Depois de oito meses de instabilidade, batalhas jurídicas e muitas dúvidas quanto ao futuro político do município, os eleitores de Marituba, na Região Metropolitana de Belém (RMB), voltam hoje às urnas na esperança de escolher um nome que cumpra o mandato até 2016.

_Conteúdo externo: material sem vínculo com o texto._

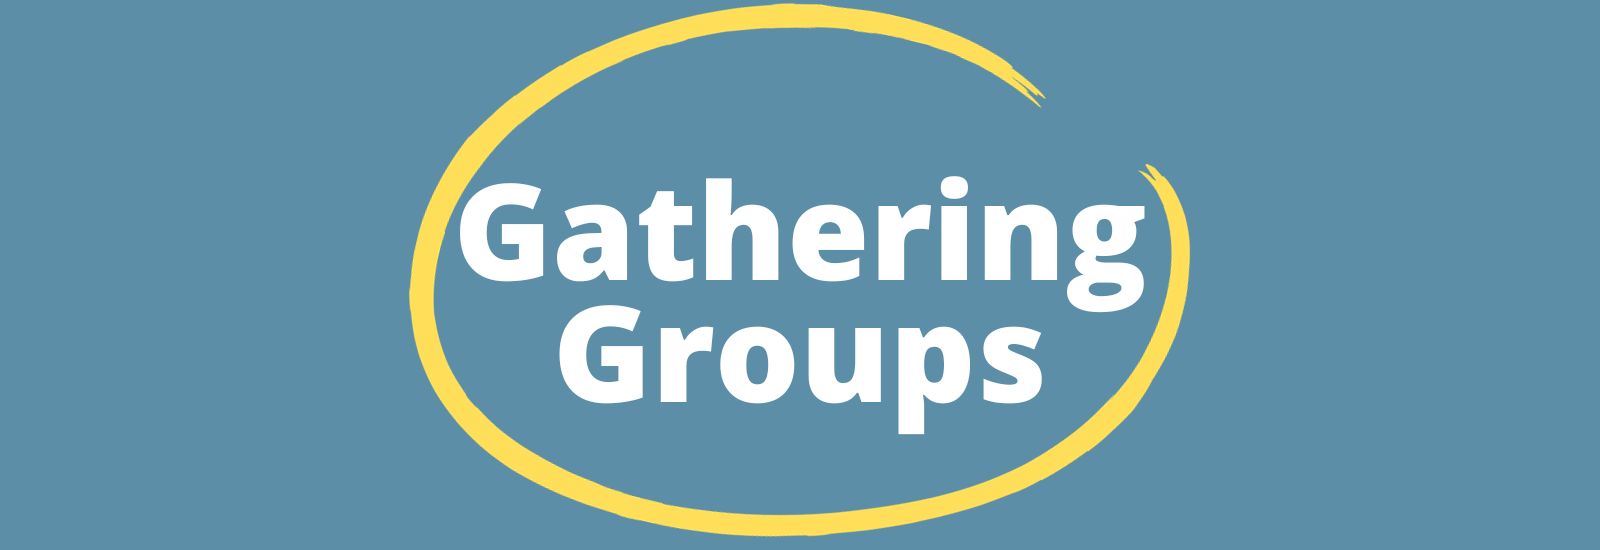 Gathering Groups Presentation (1600 x 550 px)

Quase 65 mil eleitores são esperados nos locais de votação neste domingo de eleição extraordinária. Quatro nomes estão na disputa: Elivan Faustino, do PMDB; Adelino Bessa, do PSol, Roberto Rocha, do PR e João Batista, do PSD; cuja candidatura só foi definida na última terça-feira. O candidato da legenda era Mário Filho que concorreu na eleição de 2012, venceu com mais de 50% dos votos válidos, mas nem chegou a ser diplomado porque teve o registro cassado por não prestação de contas das eleições de 2008.

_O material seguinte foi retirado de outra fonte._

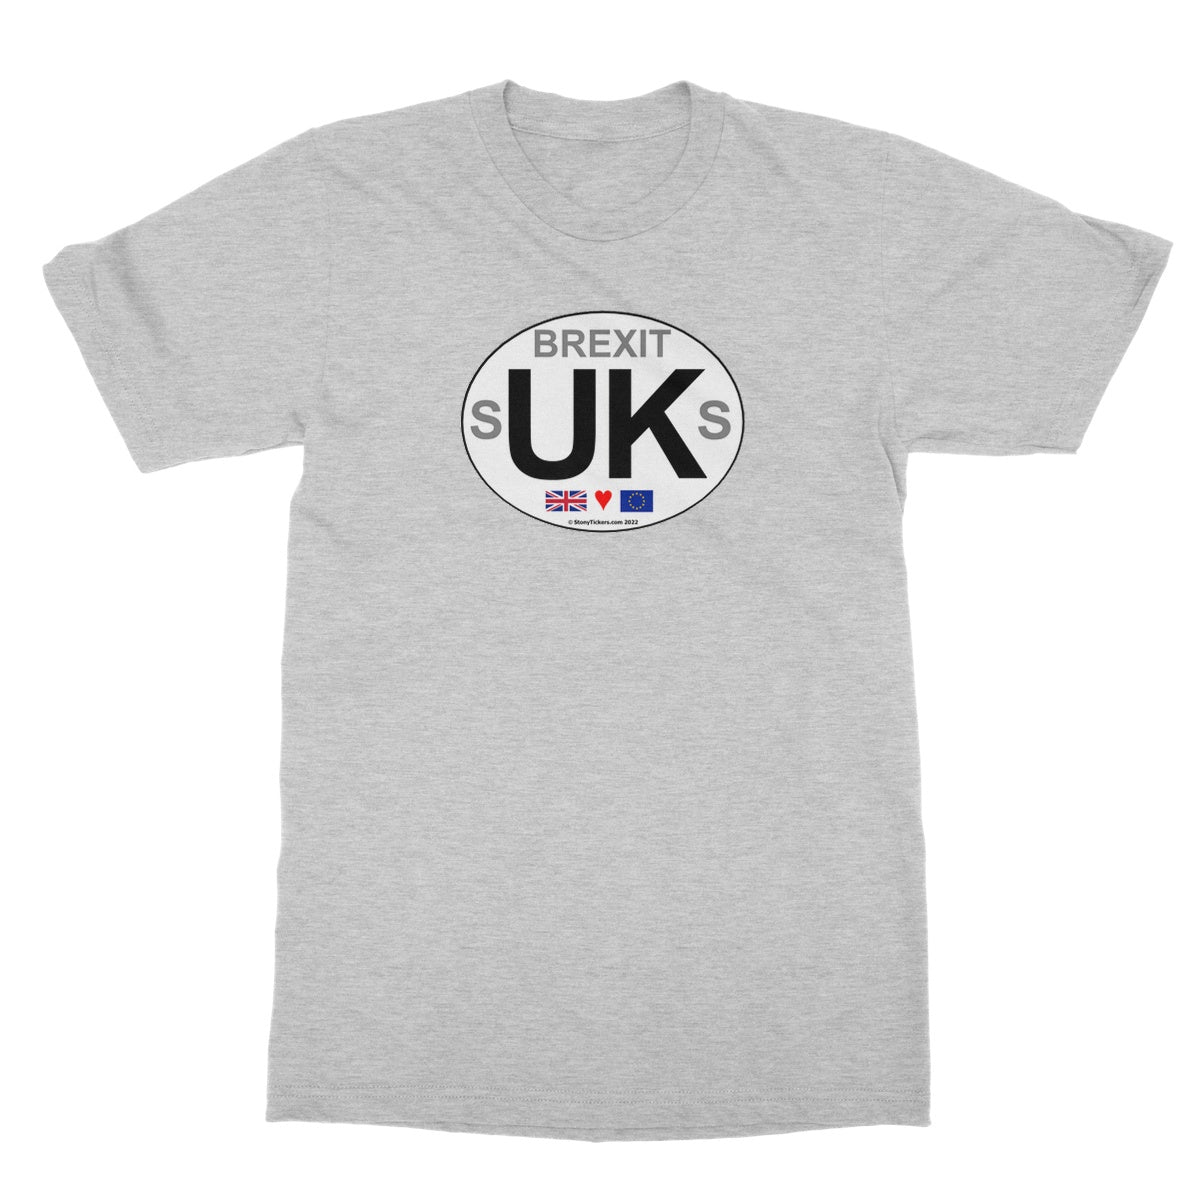 Brexit sUKs Softstyle T-Shirt

Na nova tentativa de concorrer, Mário Filho foi mais uma vez impugnado, ainda recorreu, mas no início da semana passada acabou desistindo e apresentou substituto. A demora em tomar essa decisão acabou criando uma situação inusitada. Apenas três dos quatro candidatos terão as fotos e nomes nas urnas eletrônicas.
Os eleitores do substituto, João Batista, precisarão escolher Mário Filho já que são os dados dele que estão nas urnas eletrônicas. “Não houve mais como fazer a alteração”, explica o juiz eleitoral, Raimundo Santana. Os votos dados a Filho serão automaticamente repassados ao substituto.
SEGURANÇA
Apesar das indefinições do período eleitoral, Santana diz que está tudo pronto para realizar uma eleição tranquila. O Tribunal Regional Eleitoral (TRE) pediu apoio da Polícia Militar (PM) que se comprometeu a enviar, no mínimo, 150 homens para o município neste domingo. Além disso, duas equipes da Polícia Federal (PF) estarão nas ruas para apurar possíveis crimes eleitorais.

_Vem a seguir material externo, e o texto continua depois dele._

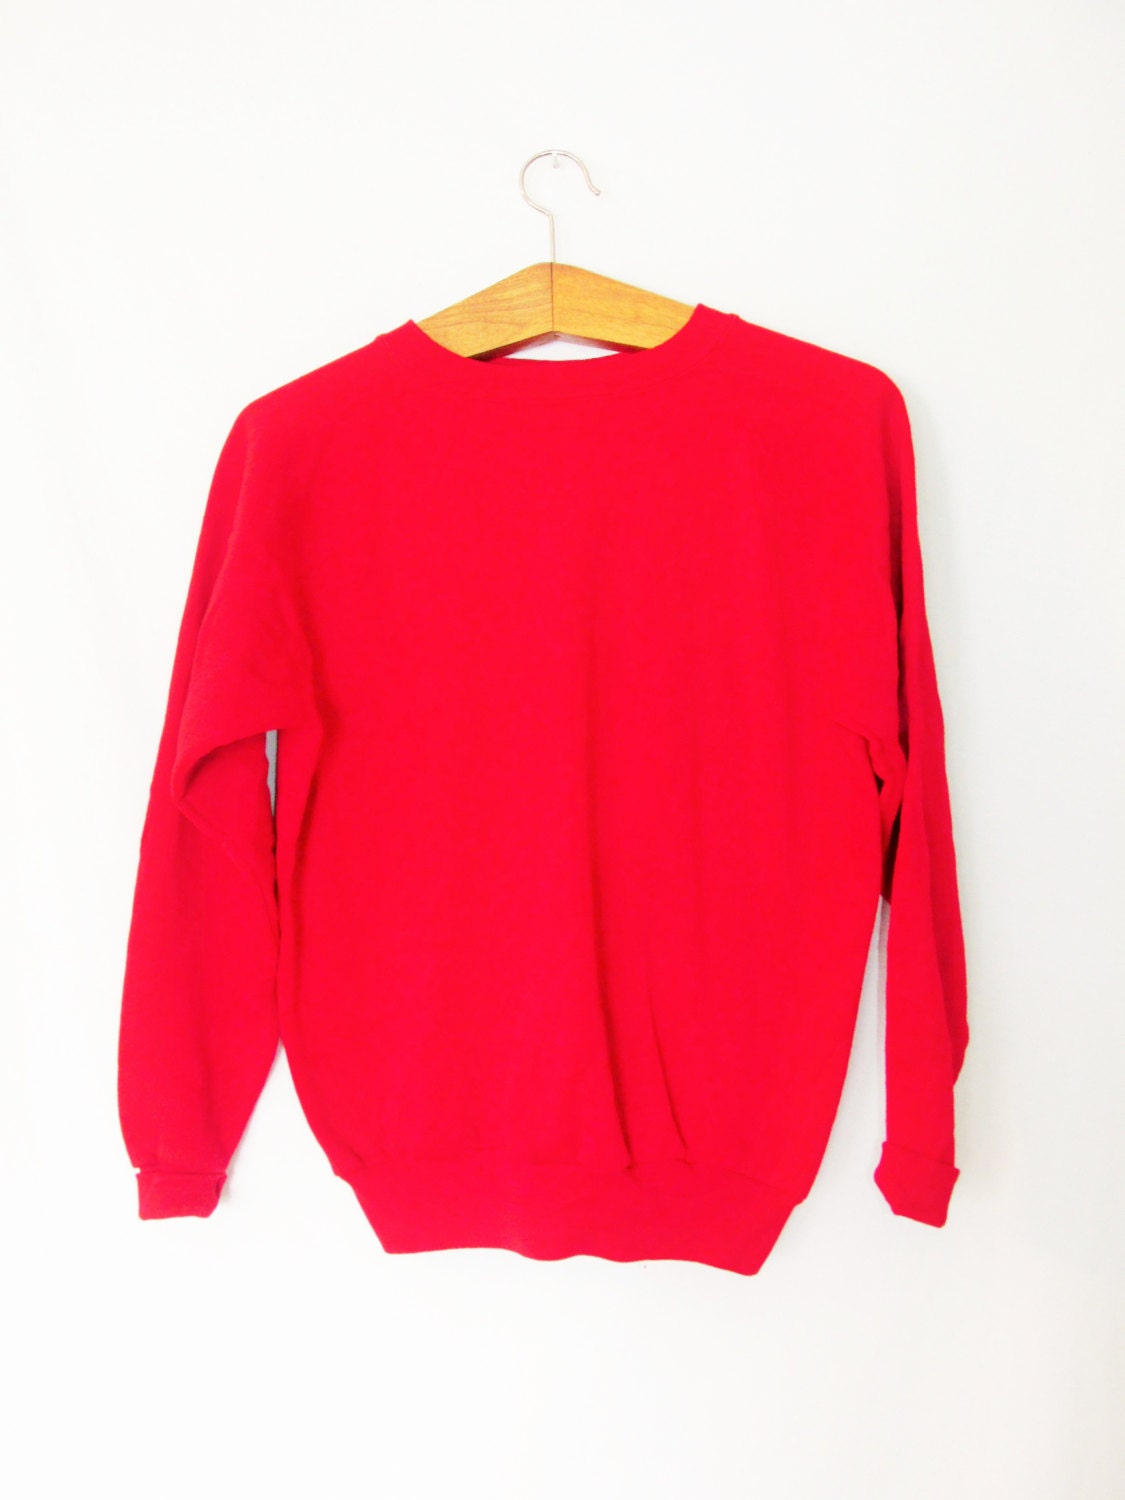 Vintage Plain Red Sweatshirt

Para evitar tumultos, o juiz publicou também duas portarias. Uma delas proíbe a venda de bebida alcoólica no município entre as 18 horas de ontem e as 18 horas de hoje. Outra portaria estabelece multa de R$ 30 mil para partidos, candidatos e coligações que contribuírem para a obstrução da BR- 316.
Havia informações de que grupos pretendiam protestar fechando a via. Neste domingo, muitos paraenses ainda estarão voltando dos balneários, por isso a Polícia Rodoviária Federal (PRF) também foi chamada para dar apoio à Justiça Eleitoral.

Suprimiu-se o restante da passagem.